According to a recent study done at Harvard University, and published in the journal Nature, a molecule gleaned from sea sponges – cortistatin A – can stop cancerous cells from multiplying and could be potentially used for the treatment of leukaemia.
Leukaemia is the most common cancer in children and teens, accounting for almost 1 out of 3 cancers. The most prevalent childhood leukaemias are Acute Lymphocytic Leukaemia (ALL) and Acute Myeloid Leukaemia (AML). Chronic leukaemias are very rare in children.
The study was led by Henry Pelish, Senior Research Associate in Chemistry and Chemical Biology, and Matthew Shair, Professor of Chemistry and Chemical Biology.
During the research, results of tests on mouse models of AML showed that the compound stunted the growth of tumour cells without causing any harmful side effects. Cortistatin A apparently affects the growth of AML cells by inhibiting two enzymes CDK8 and CDK19 that are a part of the mediator complex in the nucleus.
In order to make this post more easily understandable to those of us not in the scientific or medical professions, I will try to explain the results in plain English….
“Humans have about 220 different types of cells in their body — they all have the same genome, but they have to form things like skin and bone and liver cells,” Shair explained. “In all cells, there are a relatively small number of DNA regulatory elements, called super-enhancers. These super-enhancers drive high expression of genes, many of which dictate cellular identity. A big part of cancer is a situation where that identity is lost, and the cells become poorly differentiated and are stuck in an almost stem-cell-like state.”
The mediator complex is basically a multi-protein complex that has emerged as a master coordinator of development and cell lineage determination. In other words, it controls DNA functions that determine how certain cells develop.
Mediator functions include involvement in developmental abnormalities, cancer and metabolic disorders. In other words, the Mediator acts as a master coordinator that regulates various aspects of transcription both during development and in adults.

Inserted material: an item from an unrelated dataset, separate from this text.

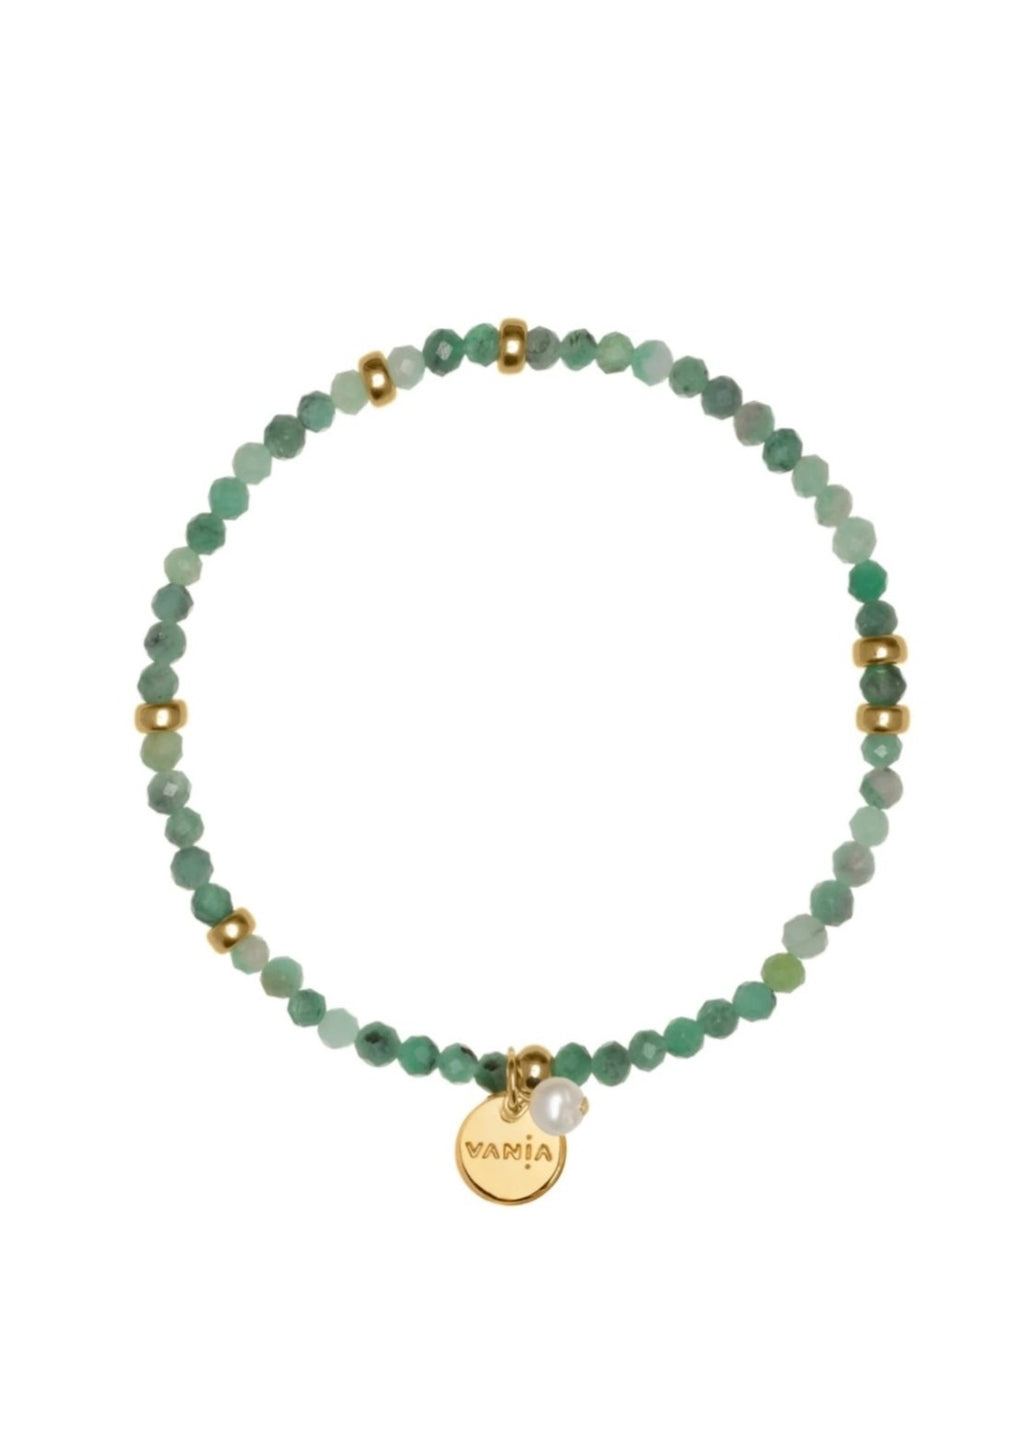 Magic Trip - Gleaming Emerald Bracelet, by Vania Crafted to enchant, each emerald bead is a whisper of nature's beauty. The delicate addition of the freshwater pearl charm adds a touch of sophistication.  Handcrafted with meticulous care in New Zealand.

Transcription is basically the organic process whereby the DNA sequence in a gene is copied into mRNA (click to enlarge pic below to read easily)
During the research it was discovered that treating AML cells with cortistatin A affects only a small number of genes, several of which were associated with DNA-regulatory elements known as “super-enhancers” which is good news because it means that cortistatin A is among the most selective kinase inhibitors identified to date.
It was discovered that cancer cortistatin A induced the activity of these genes in AML cells (as opposed to other potential anti-cancer molecules which are known to down-regulate these genes), which is a good thing because….
Prior to this study, it was thought that cancer is ramping these genes up, keeping the cells in a state of rapid multiplication and affecting cell growth in that way, but cortistatin A has actually shown that is only part of the story; normally cancer is keeping the dosage of these genes in a narrow range. If it’s too low, the cells die. If they are pushed too high, as with cortistatin A, they return to their normal identity and stop growing.”
Cortistatin A was tested on approximately 400 kinases, and it was found that it inhibits only CDK8 and CDK19 in cells. This is thought to be because it has a three-dimensional structure (most kinase inhibitor drugs do not have this type of three-dimensional structure); this means that it can precisely hit a specific target, and this can help reduce side-effects and increase efficacy.
Cortistatin A was initially isolated from sea sponges, and later synthesised in Shair’s laboratory. It is a complex molecule and the team is working on synthesising less complex and more drug-like derivatives of cortistatin A in order to make it more feasible to produce the compound on a large scale.
Shair’s lab has created a range of new molecules that may be better suited to clinical application and which will be screened for their activity, tested in pre-clinical studies in animals and then followed by trials in human subjects.
While further research and various clinical trials still need to take place, this is an important milestone that affords these scientists an opportunity to generate a new understanding of cancer and develop new therapeutics to treat it.